Андрей загремел чайником, тряхнул головой и покосился на Аршинова.
– Жемсову племяшку-то видели? – справился он, подставляя чайник под кран самовара.
– Видел! – улыбнулся Сергей. – А что?
– Ничего-с, барышня, по видимости, аккуратная.
– Особенного ничего в ней нет.
– По-моему, тоже, особенностей-то в ей никаких, Сергей Афанасьич! – авторитетно проговорил Андрей и, завернув кран, с шумом проехался чайником по подносу.
– А тебя она, должно быть, очень интересует? – продолжал улыбаться Сергей.
– Арина Васильевна-то?
– Какая Арина? Алиса она.
– По-нашему, Арина-с… и куфарка Жемсова сичас ее Ариной величает, и Гаврила, который у их прислужающий… Барышня, можно сказать, совсем поджарая-с… все одно, по-моему, что лошади ихние: стати есть, а корму ни шиша! Тоща-с!
– Да тебе-то, Андрей, какая печаль, тоща она или жирна?
Андрей осмотрелся и подлетел к Сергею.
– Да ведь они, Жемс Иваныч-то, для вас, собственно, Арину-то Васильевну выписали.
Сергей расхохотался:
– Как для меня? Что ты чушь городишь?
– Ей-богу-с… и куфарка ихняя, и Гаврила, который прислужающий, то же самое говорят.
Сергей нахмурился.
– Если это шутка, так очень глупая шутка.
– Какие шутки, помилуйте! – замотал головой Андрей, словно обижаясь на недоверчивость Сергея. – Всурьез для вашей милости выписана… намедни я с Гаврилой как-то разговорился… грешным делом, зашли с ним «под елку» и всю душу наизнанку выворотили.
– Что же говорил тебе Гаврила? – поинтересовался Сергей, подсаживаясь к самовару и наливая себе стакан чаю.
– Про разное-с, а там и хозяев коснулись… ну, тут Гаврила все начистоту выложил. Ишь сам-то, Афанасий Иваныч, сколько раз, быдто насчет вас тоись разговоры разговаривал.
– Что же именно?
– Разное-с, – уклончиво проговорил тот, – только промежду прочим такое быдто слово произнес, дескать, ученый он у меня, так думаю я его ученой какой ни на есть женить… А Жемс-то Иваныч быдто на это и говорит: «Есть, – говорит, – у меня племянница ученая, на разных языках может и всякую еографию знает», ну, Афанасий Иваныч на это и говорит Жемсу Иванычу: «Выписывай, – говорит, – может, мой дура…» Кхе, кхе… виноват!

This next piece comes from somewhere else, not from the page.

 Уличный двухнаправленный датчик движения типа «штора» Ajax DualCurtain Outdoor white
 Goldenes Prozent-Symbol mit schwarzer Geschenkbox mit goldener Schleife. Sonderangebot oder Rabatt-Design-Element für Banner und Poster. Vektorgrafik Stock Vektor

– Не стесняйся, пожалуйста, – вспыхнул Сергей, наклоняясь над стаканом, – ты меня ничем не удивишь.
– Виноват-с… это Гаврила, а не я-с, ну, известно, Жемс Иваныч-то и возрадовался, сичас же телеграмму задвинул: приезжай, Ариша! Конечно, англичанину лестно-с.
Горько стало на душе Сергея. Он понимал, что отец, в силу известных одному лишь ему причин, мог не любить его, даже мог презирать, если он такое презрение заслужил чем-нибудь, но дискредитировать его в глазах целого света, относиться к нему, как к постороннему человеку, – он этого не мог понять.
Сергей пережил многое: чуть не каждый день он встречал от отца и братьев одни только обидные насмешки да упреки в какой-то «учености», о которой они, конечно, не имели ровно никакого понятия, смешивая каждого грамотного, мало-мальски любящего книгу человека с «ученым», этим пугалом замоскворецкого невежества и ханжества.
Он много перечувствовал, живя в семье, где, кроме матери, женщины с любящим сердцем и гуманным взглядом, были все чужды и его сердцу, и его уму; но такого оскорбления он не ожидал.
Его судьба решилась заранее; ему, как «ученому дураку», выписывалась такая же «ученая дура», и об этом говорилось, не стесняясь прислуги, и где же? На фабрике, где сын хозяина, заменяя зачастую самого хозяина, должен быть авторитетом, которому беспрекословно подчиняются целые тысячи муравьев громадного муравейника, называемого фабрикой.
Сергею стало душно. Он залпом выпил стакан и подошел к окну, выходившему в сад.
Облокотившись на подоконник, он долго сидел, погруженный в раздумье, из которого вывел его посланный от директора с приглашением на «вечерний чай».
– Поблагодарите Джемса Ивановича, я уже чай пил, – проговорил Сергей, вставая, – и потом… я устал.
Посланный ушел.
Сергей прошелся по комнате и наткнулся на Андрея, стоявшего недалеко от окна в позе «ожидающего приказаний».
– Ты здесь еще, Андрей?
– Здесь-с… где ж мне быть, как не возле вас? – размахнул тот руками. – Прикажете убирать самовар?
– Убирай.
Андрей потоптался на месте и затем, схватив с налета самовар, повернулся к Сергею.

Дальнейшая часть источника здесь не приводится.